A precise copy of the data is required, with every picture left out.
MATERIAL PROVIDED Start Marker
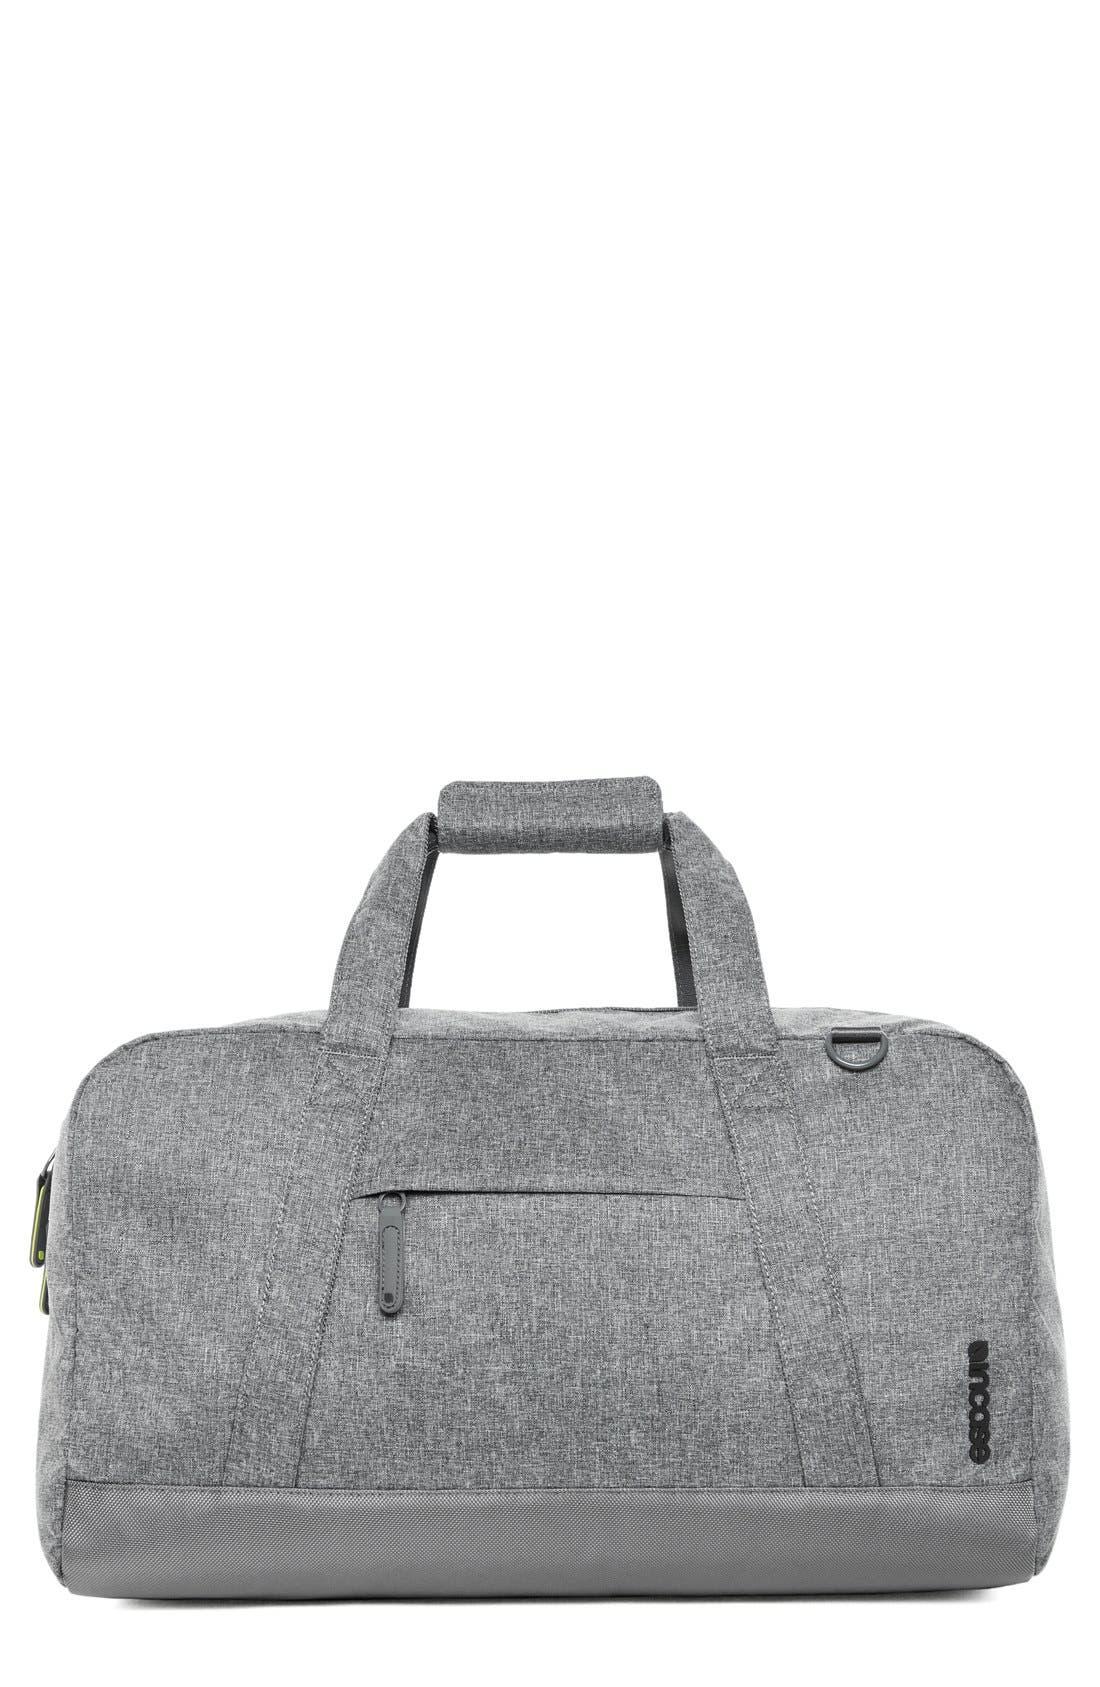 EO Duffel Bag,                             Main thumbnail 2, color,
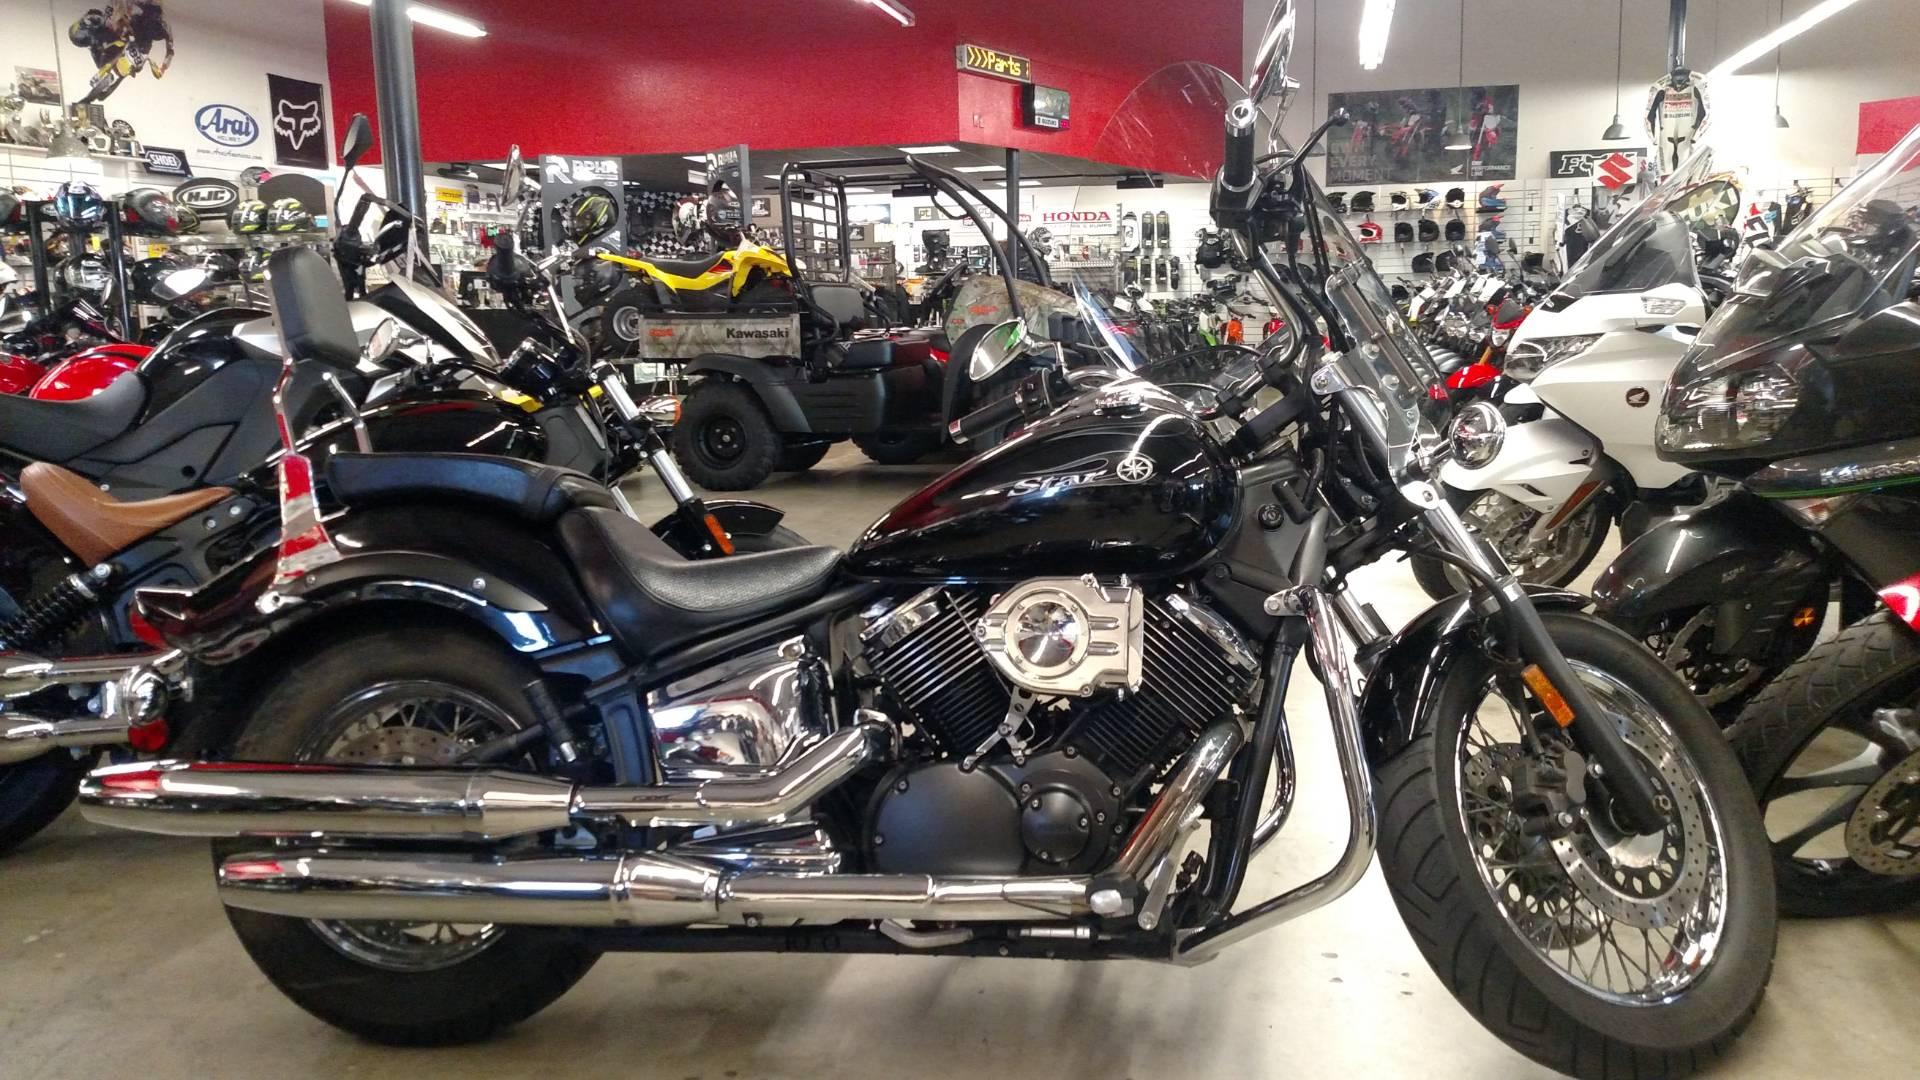 2008 Yamaha V Star 1100 Motorcycles Fremont California U09958
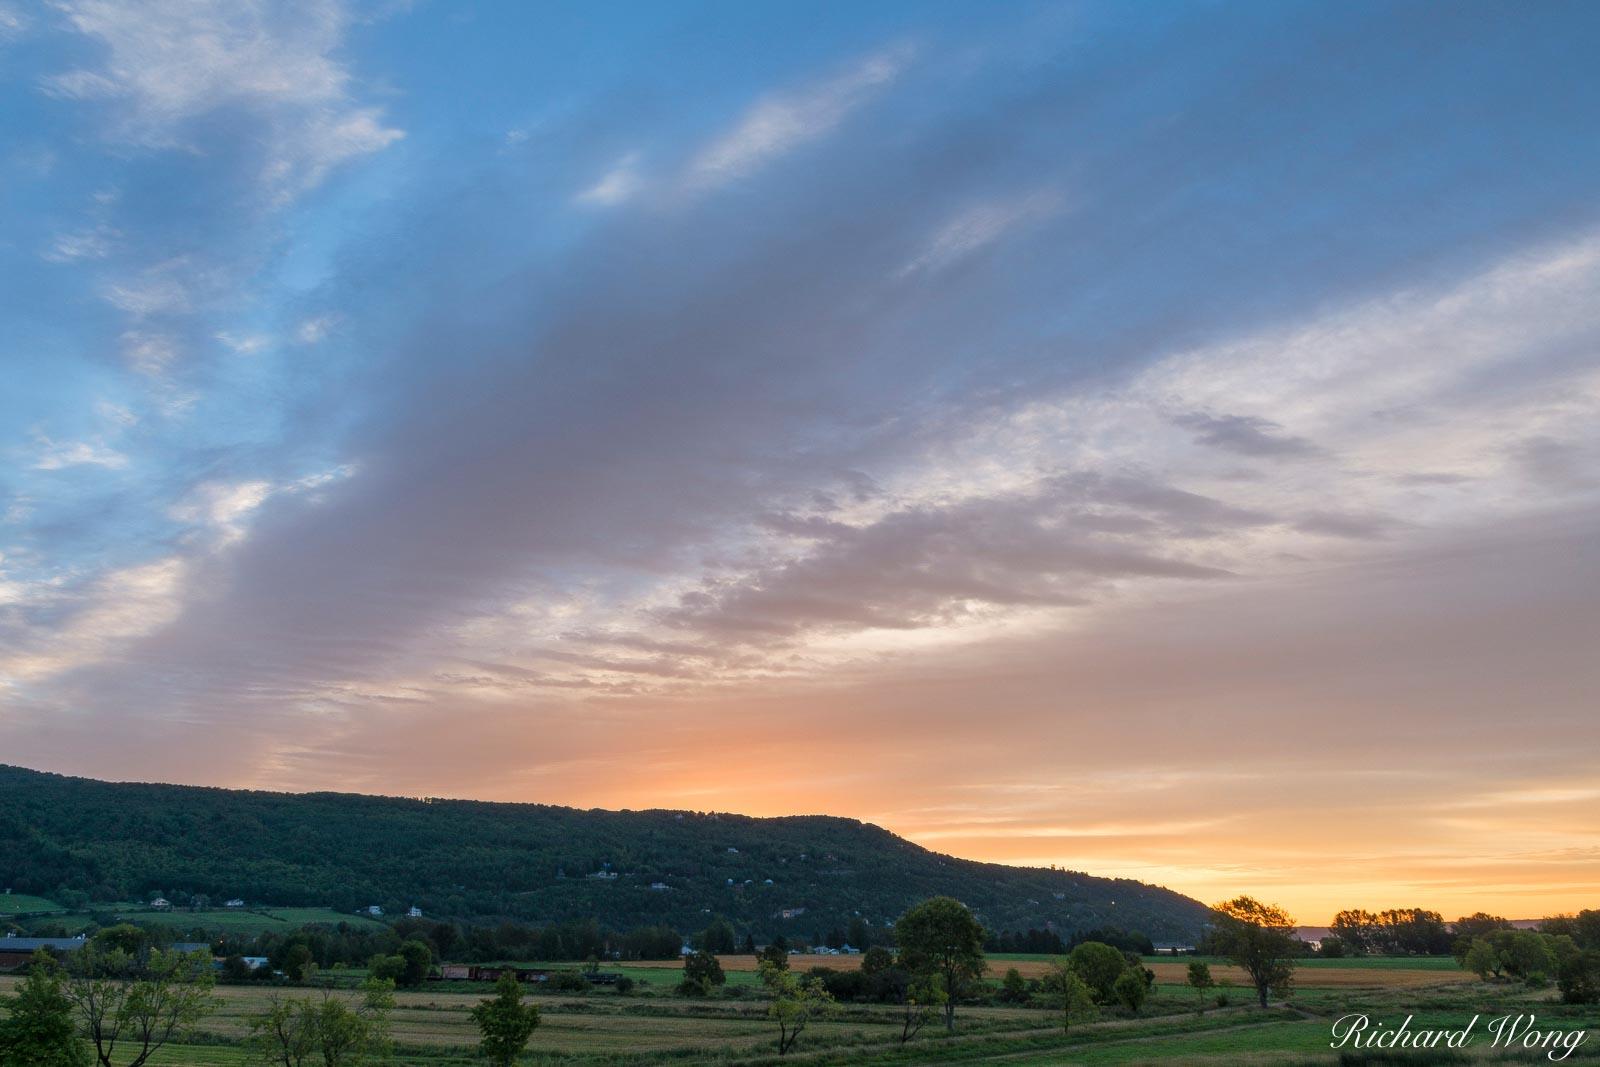 Baie-Saint-Paul Farmlands at Sunrise, Quebec, Canada, photo, photo
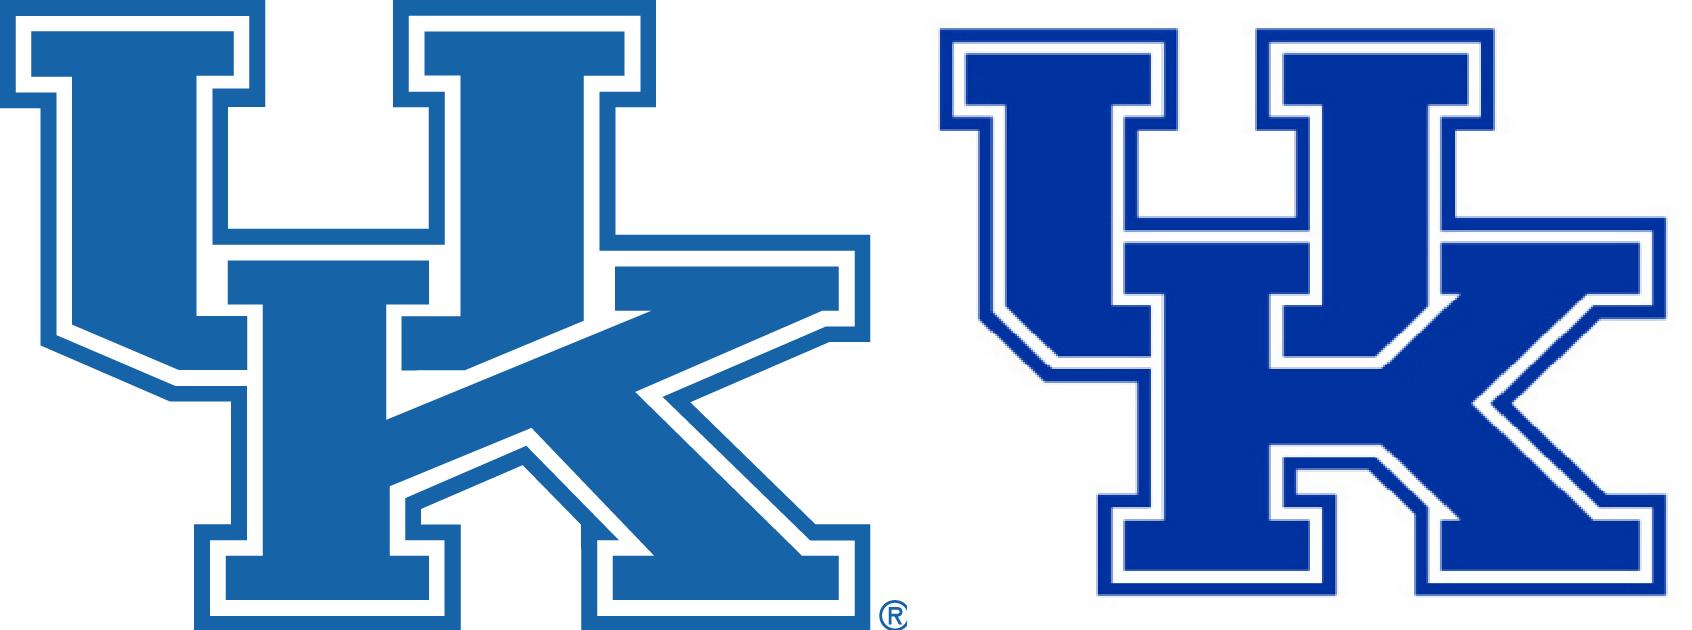 Kentucky Basketball And Football Getting New Uniforms
MATERIAL PROVIDED End Marker
→ **THE COMPLETED TASK**
 EO Duffel Bag,                             Main thumbnail 2, color,
 2008 Yamaha V Star 1100 Motorcycles Fremont California U09958
 Baie-Saint-Paul Farmlands at Sunrise, Quebec, Canada, photo, photo
 Kentucky Basketball And Football Getting New Uniforms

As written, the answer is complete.